Yes it would , but even if we spent three times as much as at present it wouldn't make any significant difference given the behaviour and attitudes to learning of so many pupils who schools can't easily exclude and where parents don't support the schools
NMA is absolutely right, you could give millions to a state school but it wouldn't improve, that is not the main issue.
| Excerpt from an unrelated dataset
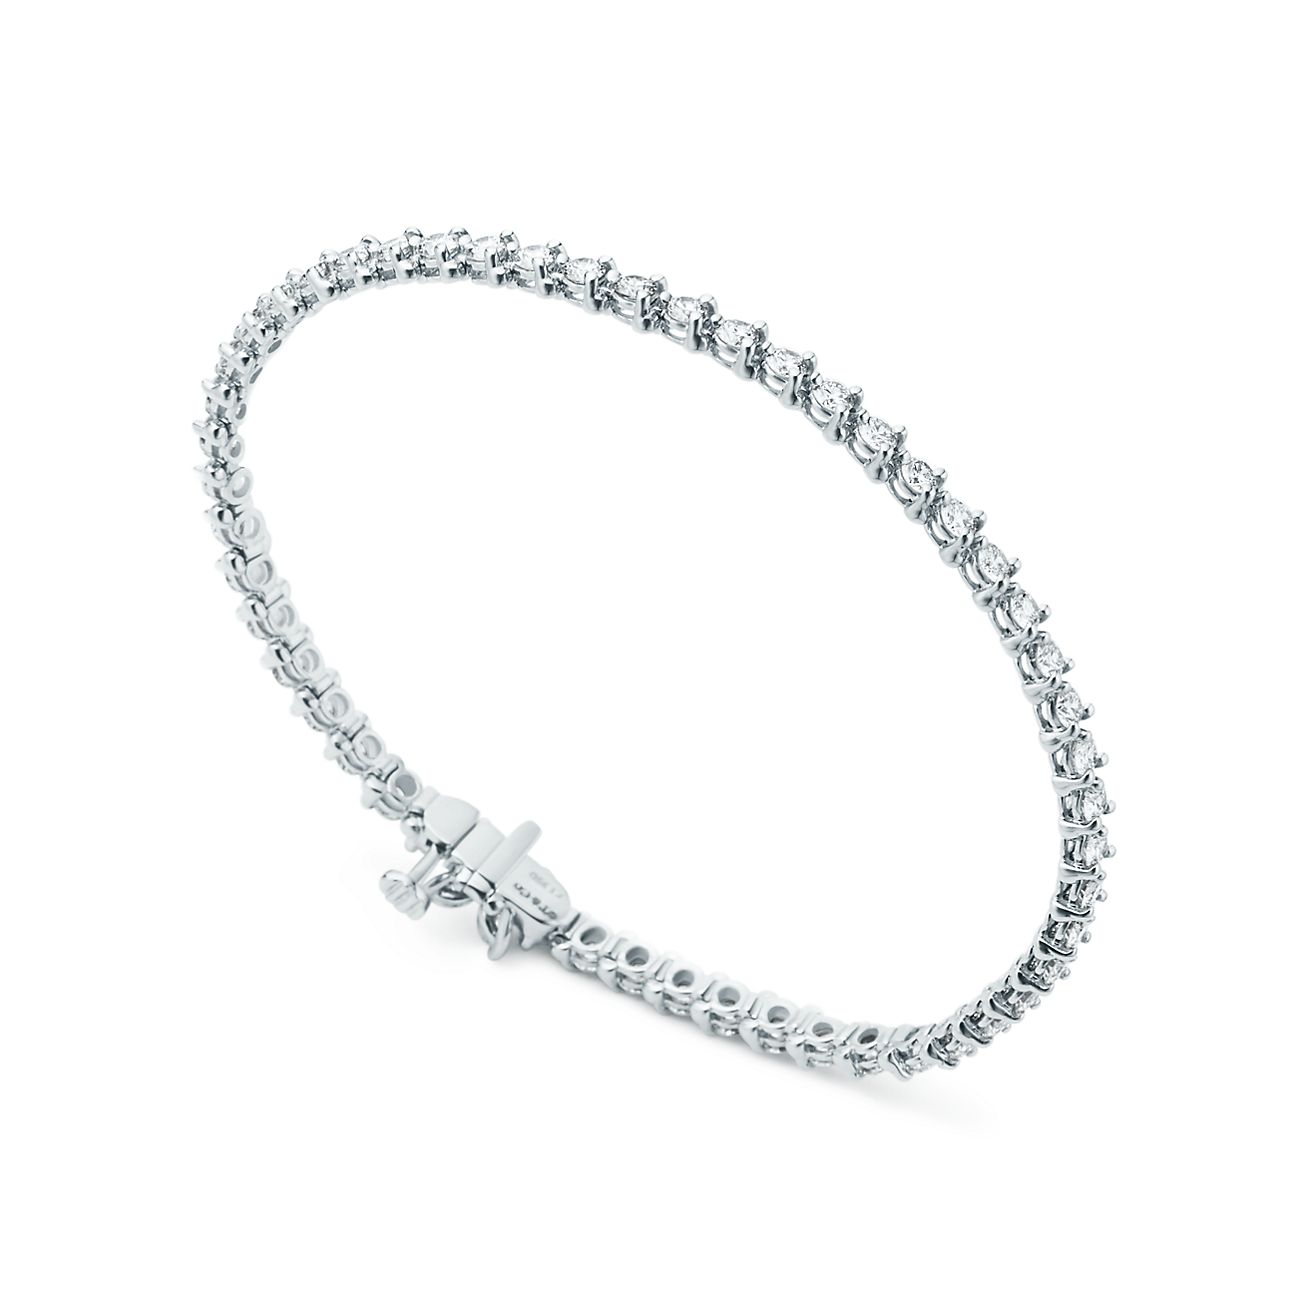 Tiffany  Co 923ct Diamond Platinum Tennis Bracelet  Tennis bracelet  diamond Beautiful jewelry Crazy shoes

The issue is the number of pupils who have no sense of discipline, buckling down and learning and neither do many of their parents - you know, the ones who send them to school in nappes with no breakfast and expect the government to feed the children they produced.
Poor teachers have nothing to fight with, they can barely say boo to a goose without being suspended and need to focus not on their subject expertise but being high level social workers just to get through the day.
Ellipsis - // ... and if "State education is unfixable" throughout those 45 years, maybe it's time to give somebody else a chance now. //
Governments don't have the will to sort out the problems of education.
For a very simple reason - children don't vote.
The only way politicians ever think about education, is when they consider the parents of schoolchildren, who of course, do vote.
They use the word 'education' as a vote catcher, by using redundant sound bites about how they are going to fix schools - which of course, ample evidence shows that they don't.
You will never hear any politician of any stripe referring to 'children' - it's always 'our children', as though they are somehow connected to, and invested in, the tragic wreck of the education system they have systematically battered for over fifty years.
Of course, during election campaigning, you will hear the phrase changed to 'your children', because they are addressing adults and looking for votes.
But the fact is, successive governments have crushed the education system with punitive nonsense like 'The National Curriculum' which is so restrictive and centre-designated that it leaves no room for the imagination of individual teachers, tailored to the needs of their individual classes and schools.
Governments love to think that all schools, and all children, are the same, so a 'one size fits all' system is imposed without any room for manoevre.
It is of course, manifestly unsuitable, but that doesn't matter, because the government doesn't care anyway.
Their other damage is to foster the notion that they will 'improve' schools.
They do this by using a draconian Inspection system which, instead of addressing the problems of individual schools, hammers them with another 'one size fits all' measurement system that condemns failing schools, without addressing the reasons for the failures, which are rooted entirely in the National Curriculum, continual underfunding, and the perpetuating of the image that teachers are workshy lefties who do a nine-to-three job and have three months off.
This chimes with parents - the voters remember - but it utterly fails the children - but they don't vote so who cares.
The idea of punishing, and that's what it is, private schools for being 'elitist' is another nonsense designed to appeal to the inverted snobbery of the Labour voter they want to woo.
It's shameful, and Starmer should be ashamed of it.
It's a tax policy - of course it's a "punishment", like they all tax rises are. Whoever asked for more taxes.
What I'm hearing is: the state system is awful. Anybody in it, tough, but please don't "punish" the people not in it by making them pay more to stay out of it. It's a pretty disgraceful attitude, actually.